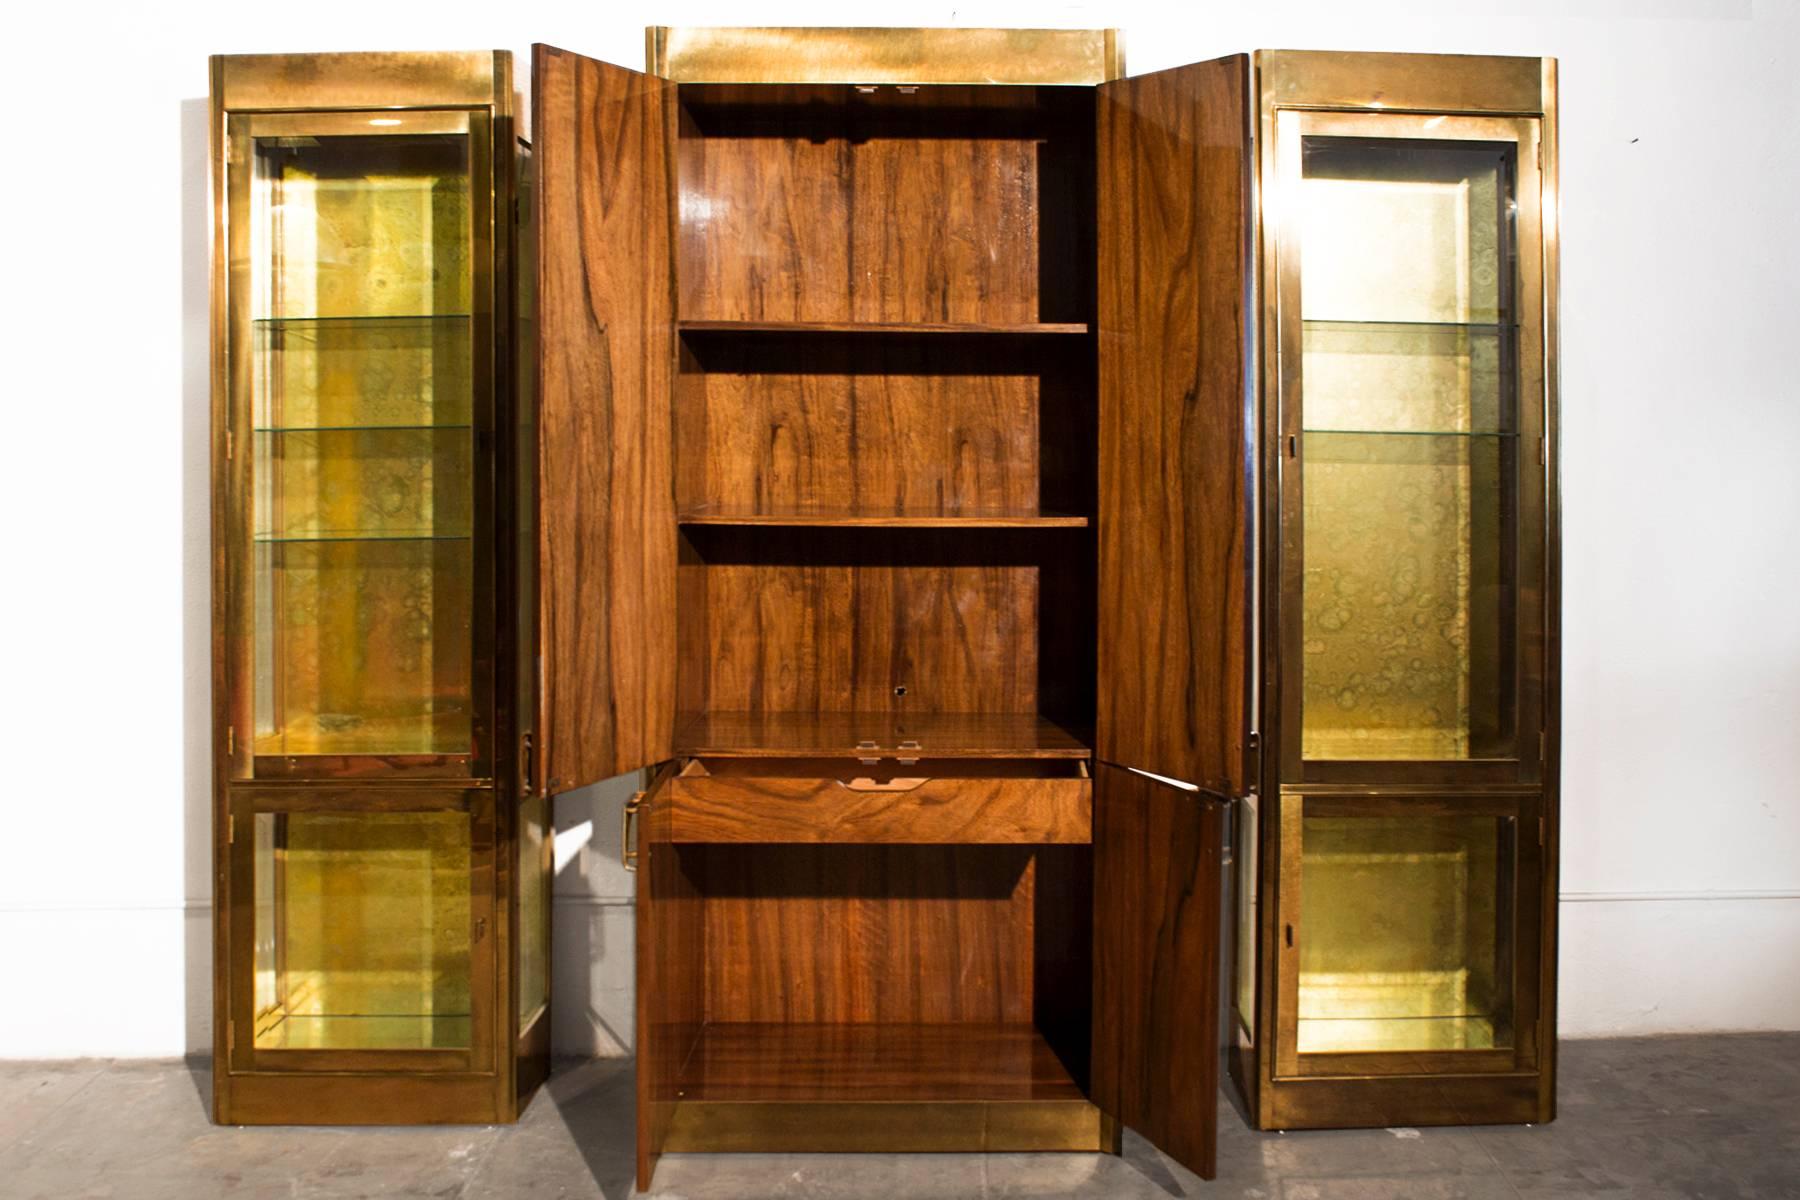 Rare three-piece set of mastercraft ebano wood and antique brass display cabinets from a Brentwood, CA Estate. Custom ordered for a 20th Century Fox Executive in 1983. Set consists of:
Large storage cabinet “model # 1850” ebano wood, antique brass
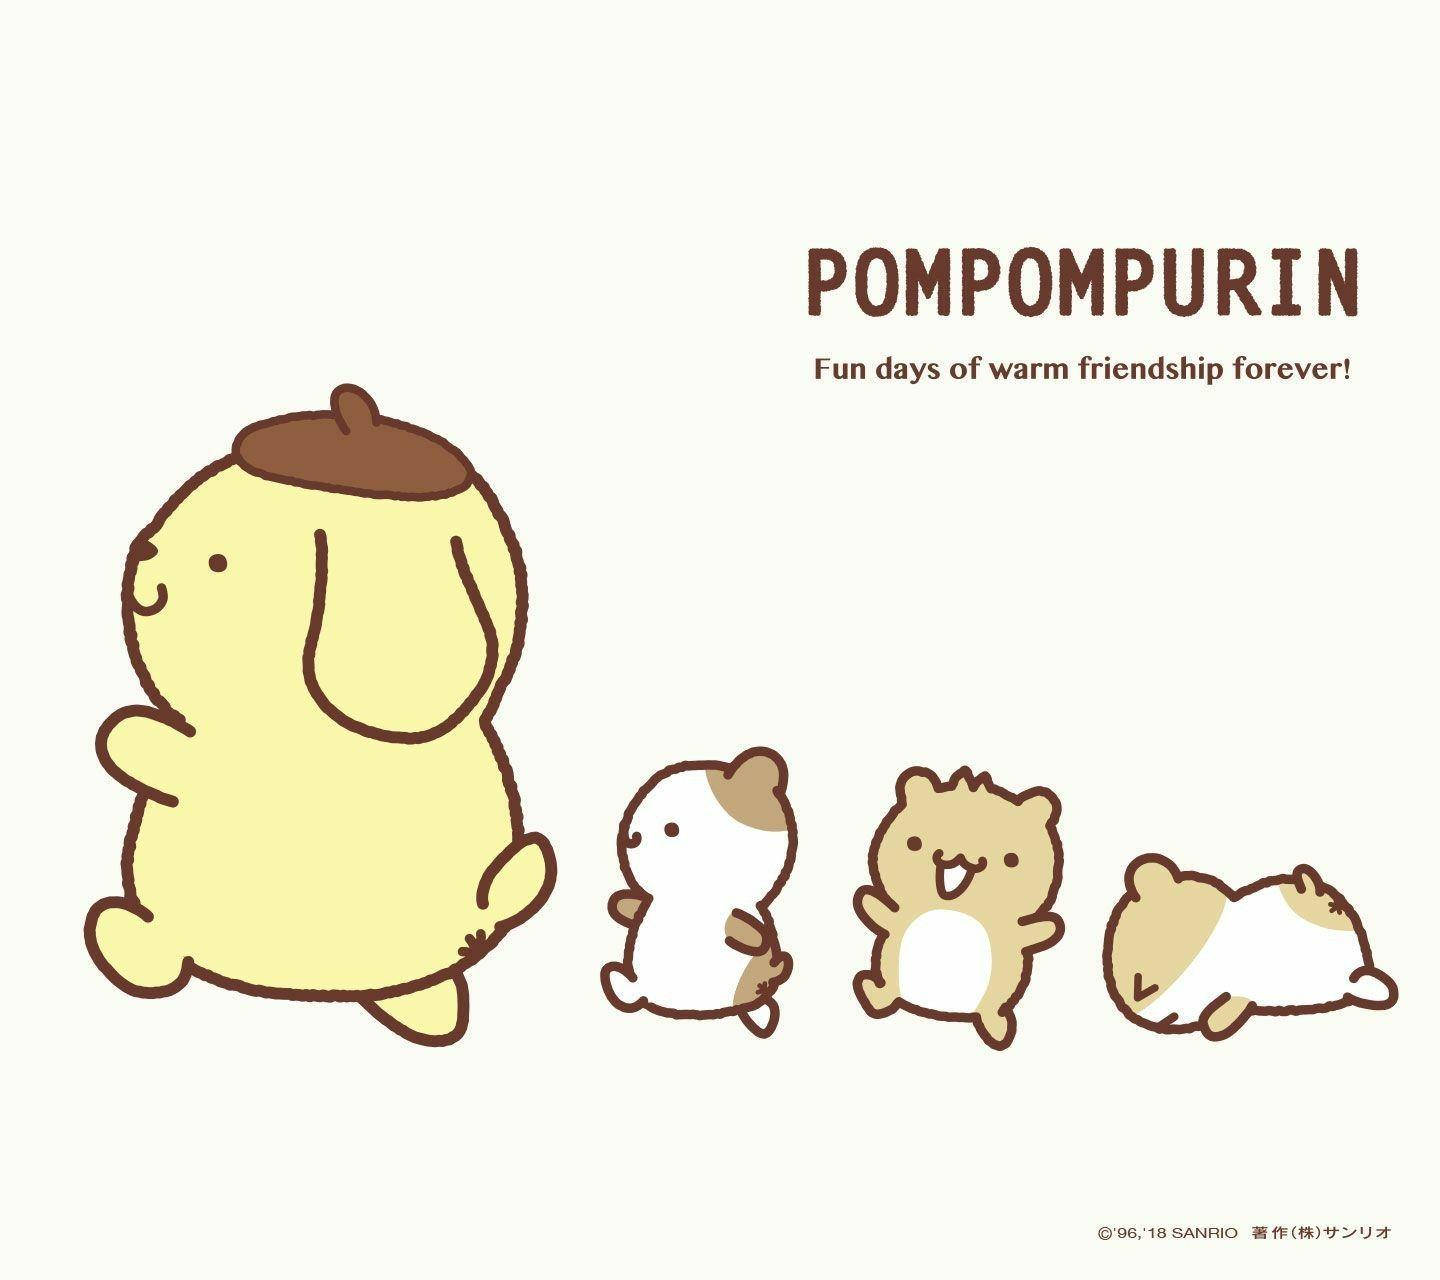 Enjoy a fun day out with Pompompurin and friends! Wallpaper

§ What you need to do
Your copy should match the data exactly, apart from the images, which are dropped.

§ The completed task
 Rare three-piece set of mastercraft ebano wood and antique brass display cabinets from a Brentwood, CA Estate. Custom ordered for a 20th Century Fox Executive in 1983. Set consists of:
Large storage cabinet “model # 1850” ebano wood, antique brass
 Enjoy a fun day out with Pompompurin and friends! Wallpaper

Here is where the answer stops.